In other words, reading and writing an SQLite database requires a filesystem, not just a file handle. This is problem in web browsers, where a normal filesystem does not exist. In theory, sqlite-wasm-rs, the crate behind rusqlite's Wasm support, should support OPFS, but enabling it was not straightforward (sqlite_wasm_vfs::sahpool::install() is async while other APIs are sync).
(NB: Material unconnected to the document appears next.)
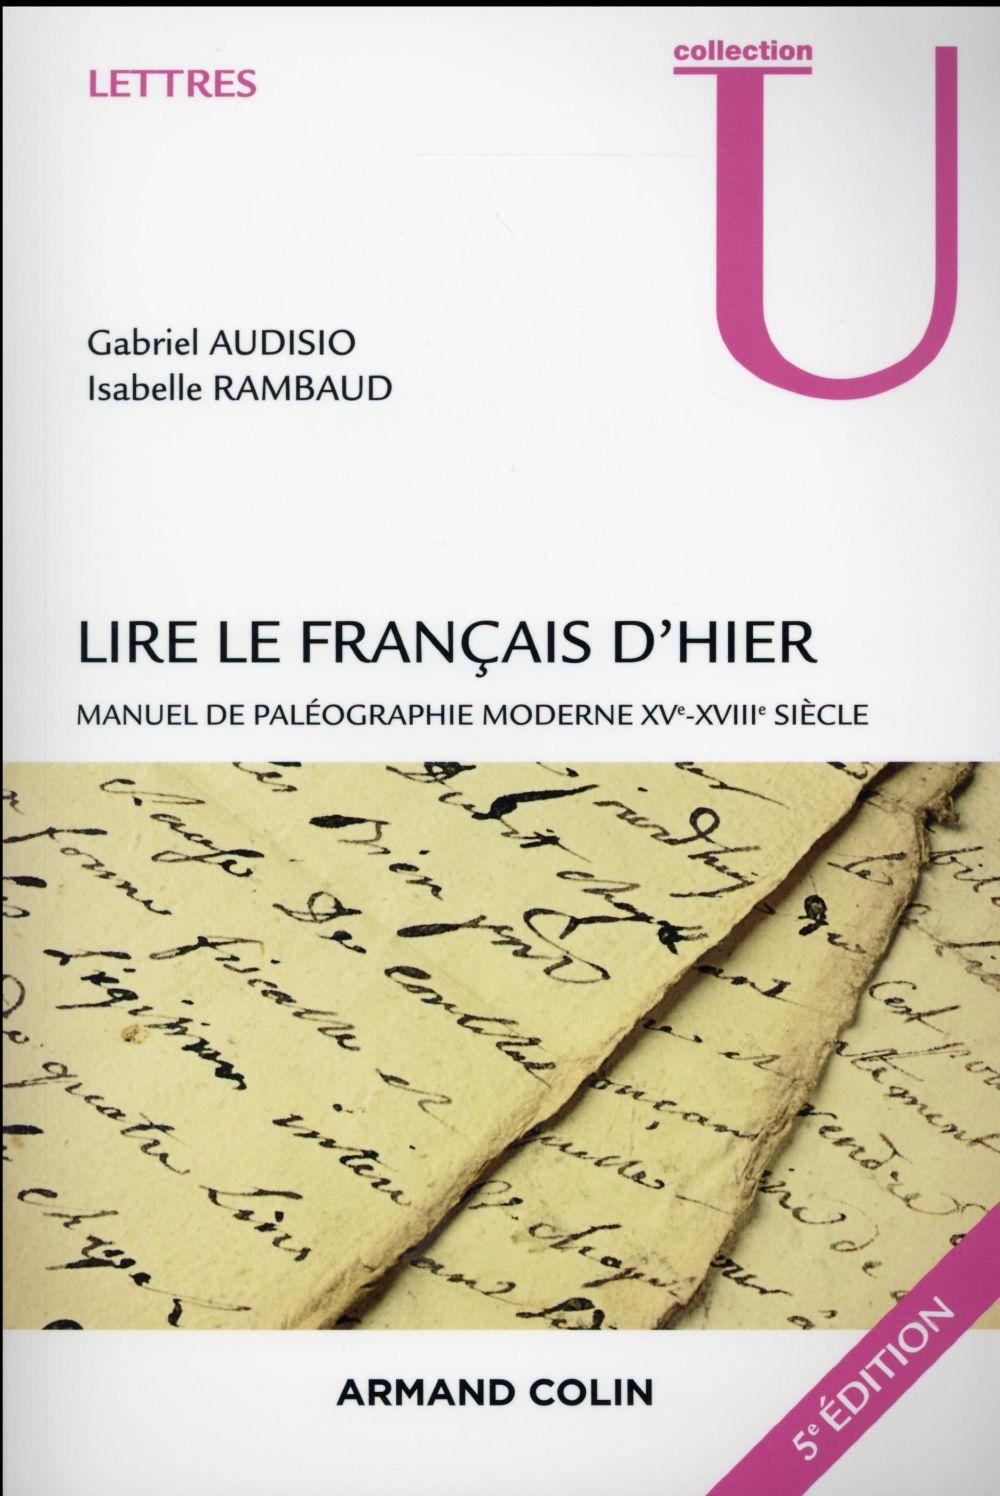 Lire le français d'hier ; manuel de paléographie moderne XVe-XVIIIe siècle

Compared to other cloud-native formats that work as a single file, this feels like a disadvantage.

So, How Does It Feel?

Honestly, not very comfortable.

The need for geospatial logic in the writer and the requirement for a filesystem both make GPKG harder to use in modern, browser-based environments. Compared to other cloud-native formats available in 2026, it feels less flexible.

That said, GPKG still has clear strengths, especially for desktop use. And as SQLite is becoming cool again, I believe the ecosystem will improve (especially Turso)!